Now Horn took up this argument. “Insanity is a defence,” he insisted, “the same as an alibi. Have we got to a point of the law here where we can enter a plea of guilty before the court in order to avoid a jury, and then treat that plea as a plea of not guilty, and put in a defence?”
The judge made a movement, as though brushing away a fly. Horn kept on. “I insist, if Your Honour please, that we proceed without hearing any evidence tending to show that these men are insane. If not, everything you do from now on is of no effect under the law.”
There was a gasp from the courtroom at his audacity. Dr. McNarry, who had been staring at Horn with a professional half-smile, now turned his gaze upon Judge Matthewson.

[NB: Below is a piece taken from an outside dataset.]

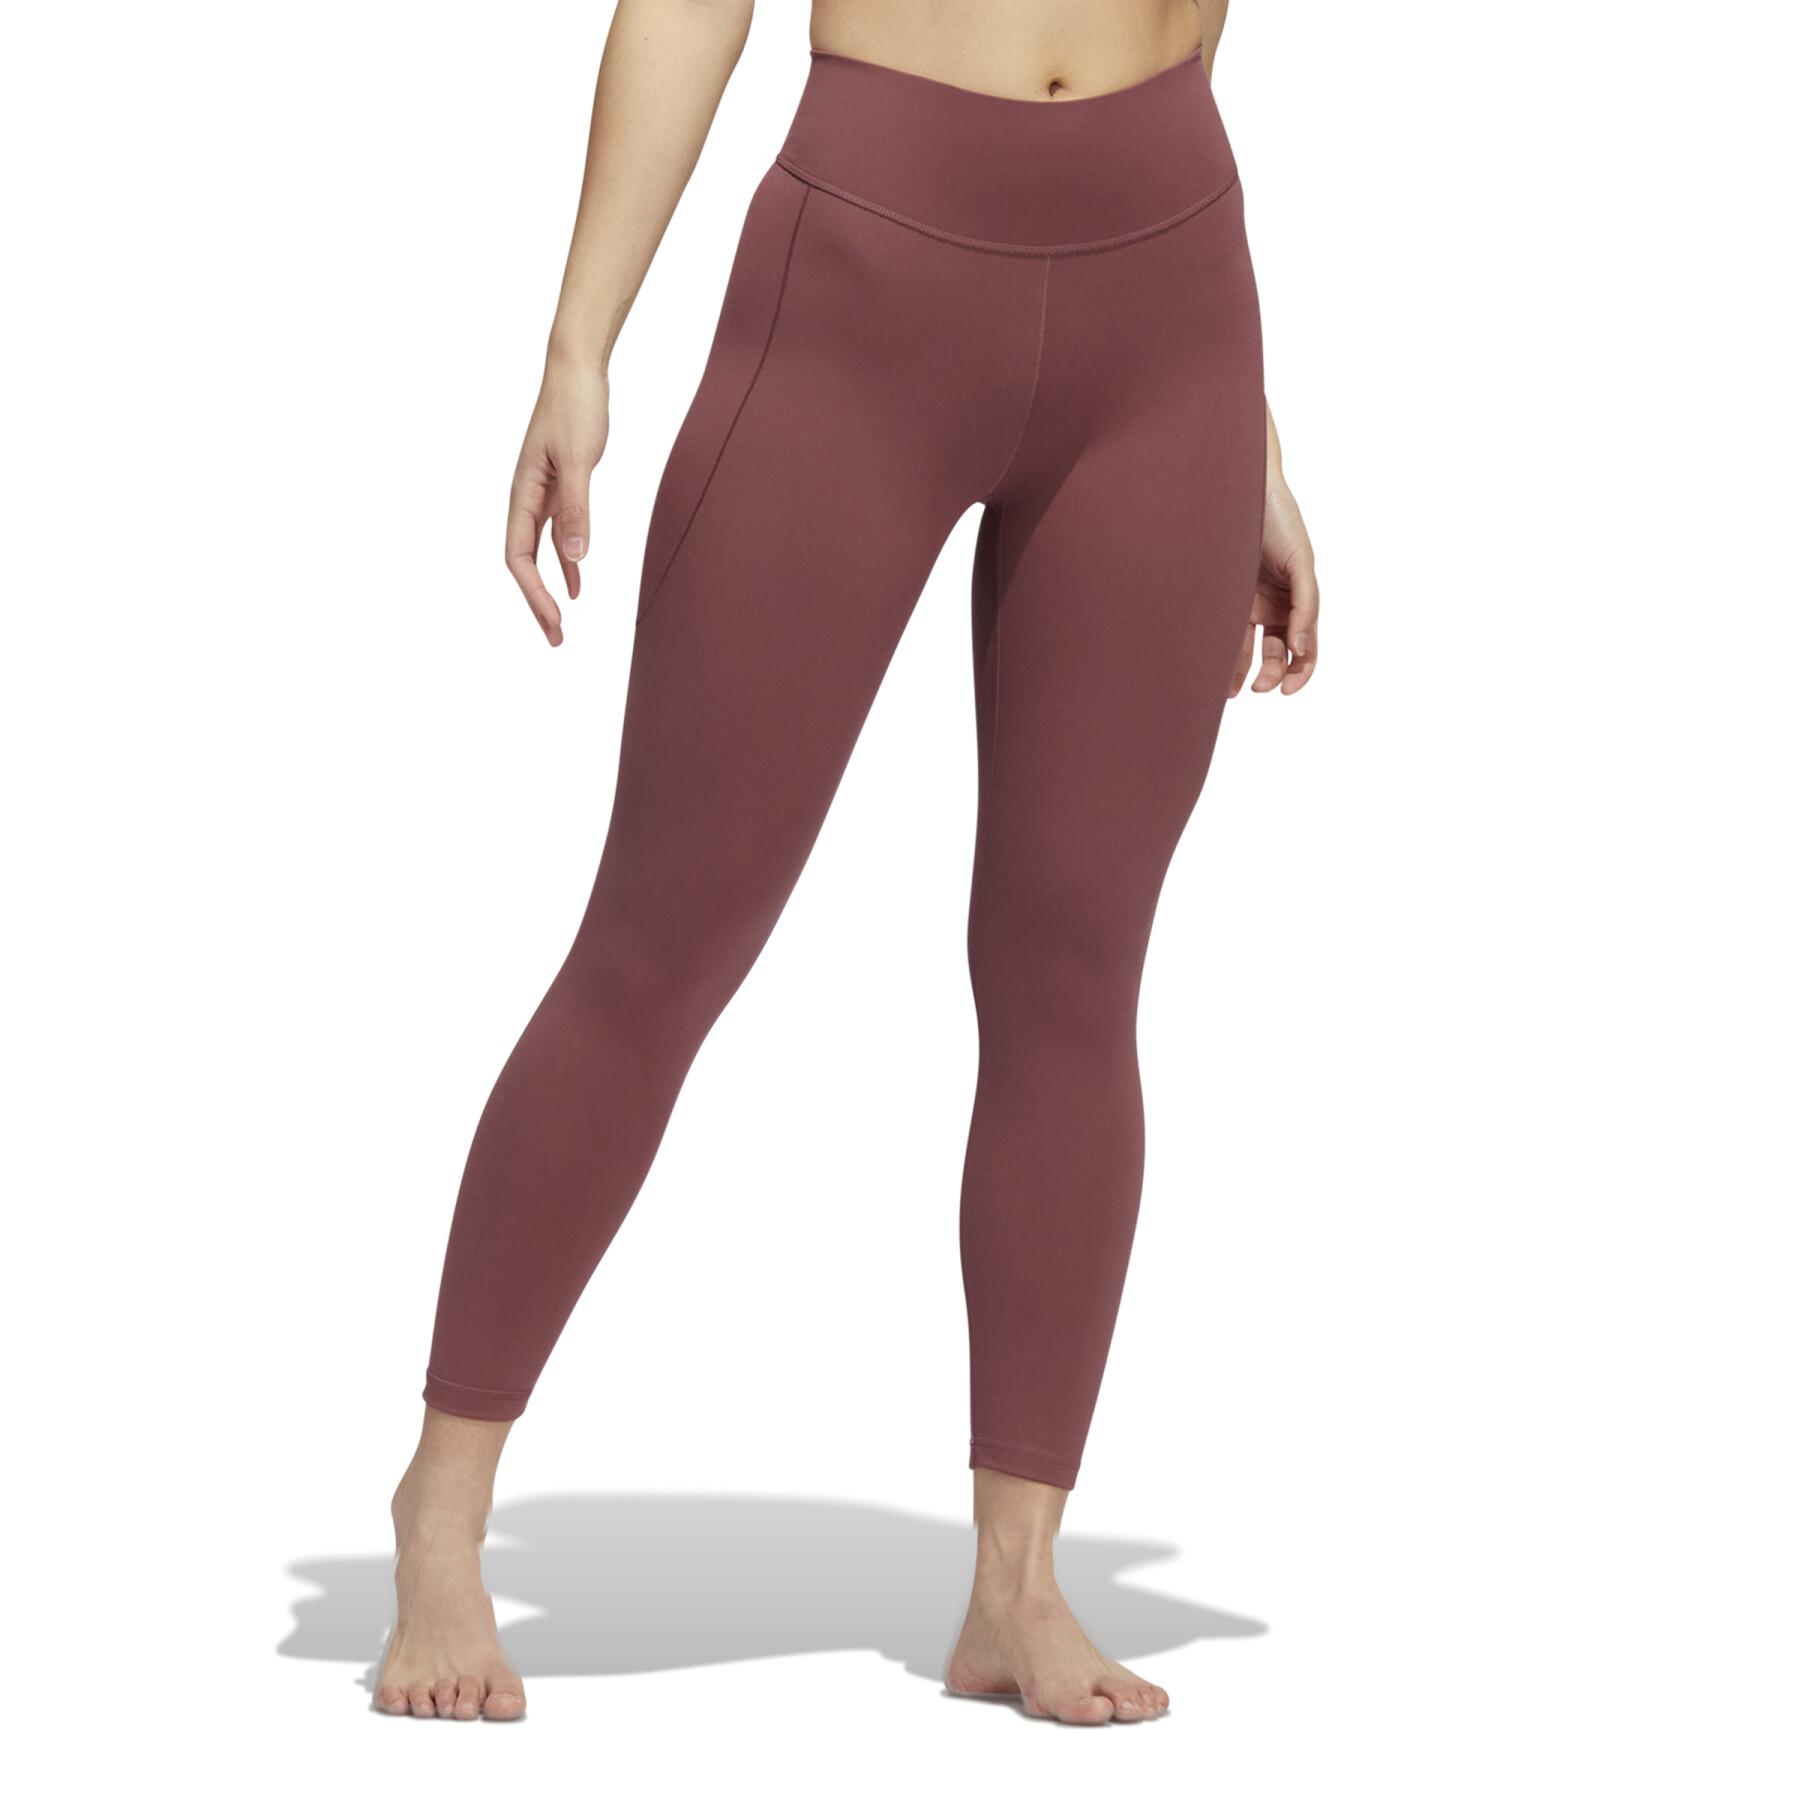 Legging femme adidas Yoga Studio
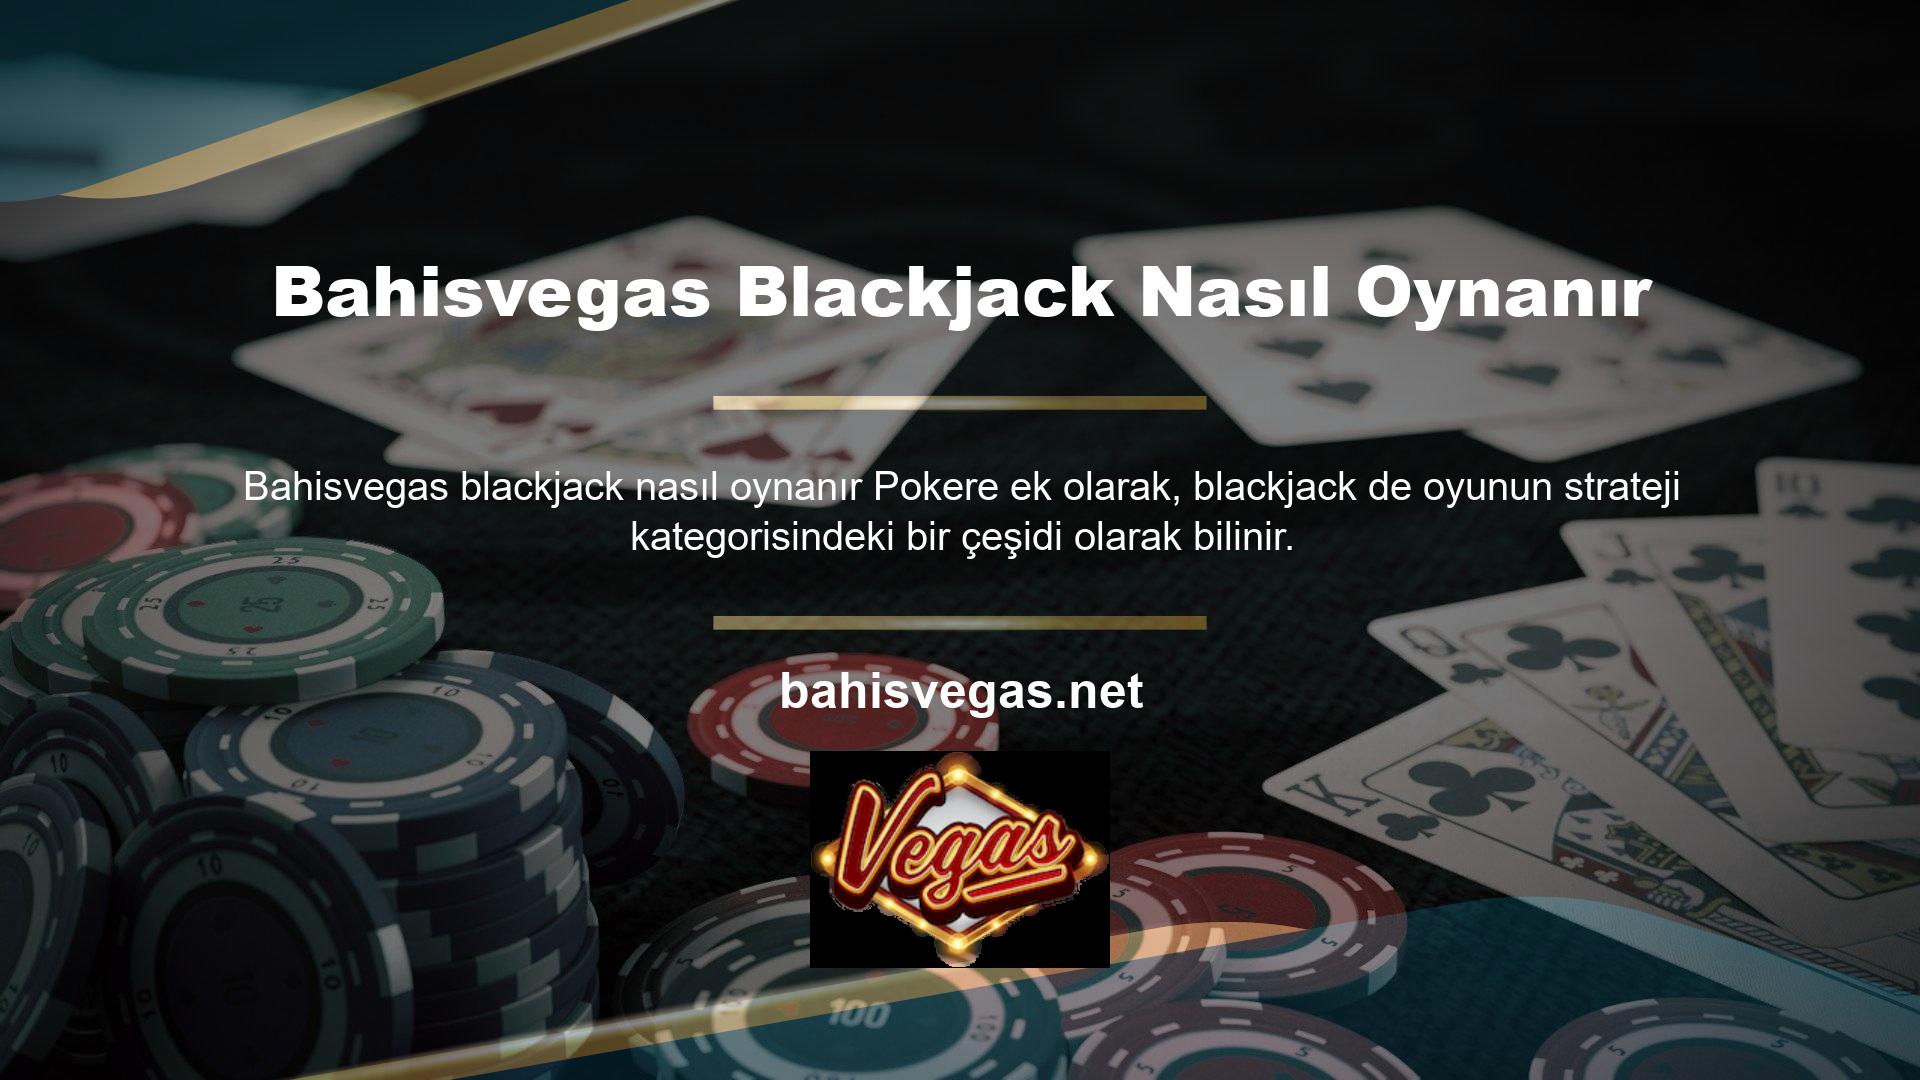 Bahisvegas blackjack nasıl oynanır

“From the moment you hear evidence on insanity, this becomes a mock trial!” Horn shrieked. At last, the judge cut in. Did the State’s Attorney have any authorities?
Several lawyers responded simultaneously. Meanwhile, as Judd and Artie listened intently, the judge leaned forward, explaining his own view. It was actually his duty to find out if the boys might be insane, in order to protect their rights – to a jury trial! “I have a right to know whether these boys are competent to plead guilty or not guilty.”
The judge seemed determined to give each side a point, for he went on to remark, “There are different forms of insanity. Medically-”
“Not under the law!” Horn cried.
Patiently, as one going back to fundamentals, Judge Matthewson asked Horn, “Then is there no mitigation in a murder case at all?”
“Insanity is not a mitigating thing. It exists or does not exist.”